News Studio

October 3, 2018

More Than Meets the Eye: The Thought Behind Suntory's Iconic Whisky Bottles

Around the world, consumers recognize the House of Suntory whisky not only for its unique taste and quality, but also for its distinct, detailed, and beautiful bottles. Suntory originally started its whisky business with the aim of creating an authentic Japanese whisky to match the Japanese palate. Driven by this purpose, the tastes and aromas of Suntory whisky were heavily influenced by Japanese culture, and as a result, both the whisky itself and the bottle design are based on a combination of Japan's nature, craftsmanship, and tastes.

The calligraphy characters, one of the most iconic features of a Suntory whisky bottle, have become a symbol of both Suntory whisky and Japanese whisky at-large. On a Suntory bottle, the calligraphy is artfully designed to express the product's uniqueness and convey a portion of Japanese tradition. Yamazaki, Hibiki, and Hakushu, some of our most well-known Suntory Japanese premium whiskies, all feature calligraphy on the labels.

Yamazaki's label centers around bold Japanese writing, written by former master blender Keizo Saji, the father of Yamazaki. The right half of the character for "zaki" forms the character for "kotobuki," which means "congratulations" in Japanese and is meant to celebrate Yamazaki as the launch of our first Japanese shingle malt whisky. The word is also used in honor of Suntory's original company name, "Kotobuki-ya," to represent the passion passed down from the company's founding.

Hakushu, a fresh and gently smoky single malt whisky, showcases a bottle that is based on the blue-green colors of the Mountain Forest Distillery where the whisky is produced.

Hibiki, a harmonious blended whisky made to reflect our corporate philosophy - "To create harmony with people and nature" - features a bottle full of Japanese tradition, as seen through the label made of "Echizen washi*" paper and adorned with the Japanese character "hibiki", meaning "harmony" in Japanese, in calligraphy. The 24 facets of the Hibiki bottle symbolize the 24 hours of the day and 24 seasons- or "Sekki"** of the traditional Japanese calendar. The bottle includes 24 sides to allow consumers to visualize the time the whisky spends aging in the cask, the history, and 'time' itself.

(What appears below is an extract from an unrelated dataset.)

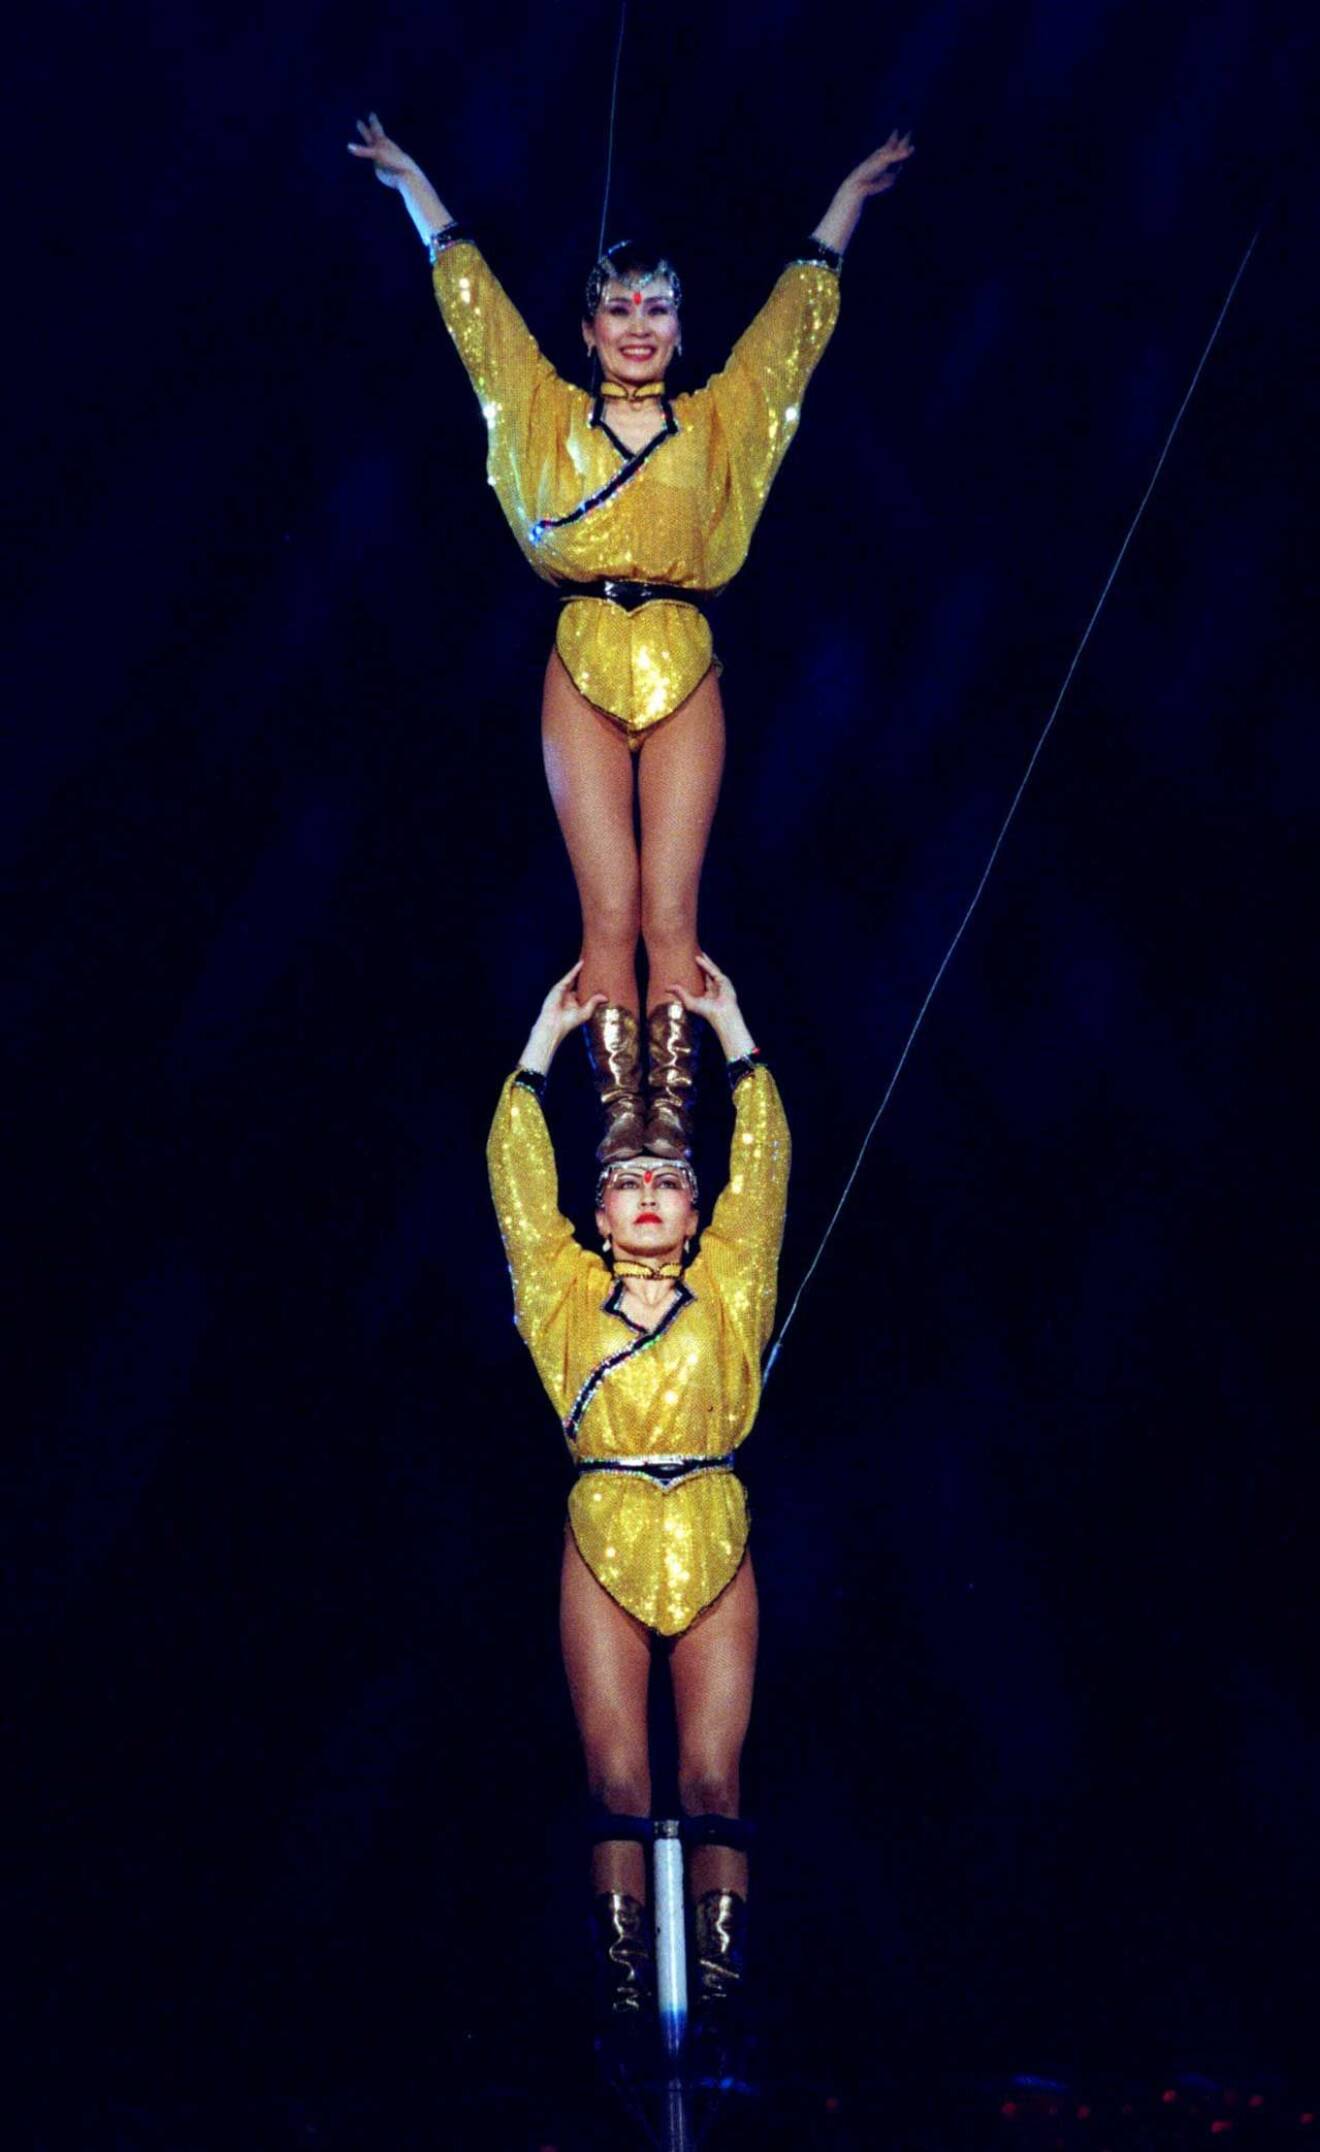 Både styrka och smidighet visade dessa två gymnaster prov på.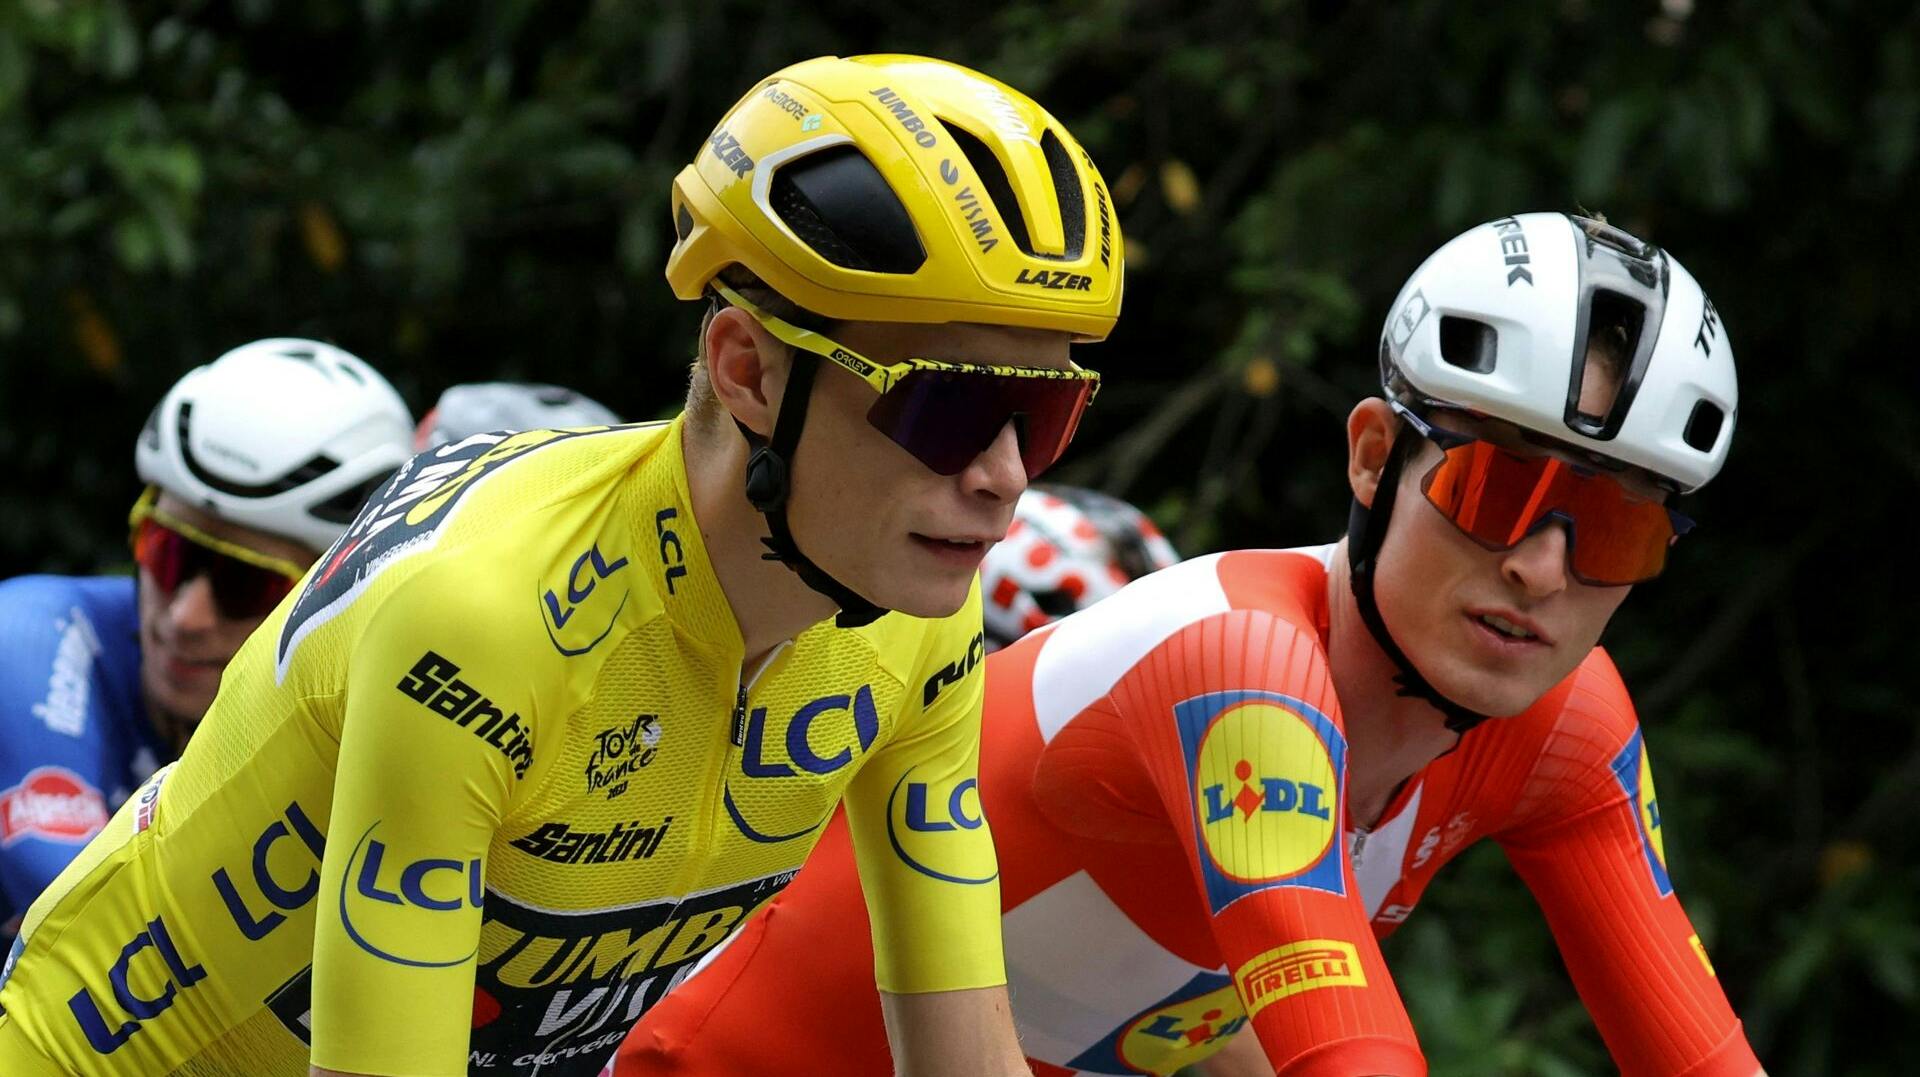 Til sommer får vi ikke glæden af at se både Mattias Skjelmose og Jonas Vingegaard i Tour de France. Skjellmose slår nu helt fast, at han dropper Touren.

The mastermind behind many of Suntory's iconic Yamazaki and Hibiki whisky bottles, Akiko Furusho, describes the process of creating a perfect bottle of whisky as entirely integrated - from the inception of the idea to the moment of consumption. When developing a new Suntory whisky, the designers, marketers, and whisky blenders come together as a single team, which ensures a sense of consistency throughout the look and feel of all Suntory whisky brands.

*Washi is traditional Japanese paper handcrafted out of local fibers in Japan, typically from Kozo and Mitsumata . Echizen-washi is well known for its 1,500 years of history and famous high quality.
**Sekki is a traditional way of expressing the 24 different seasons in Japan.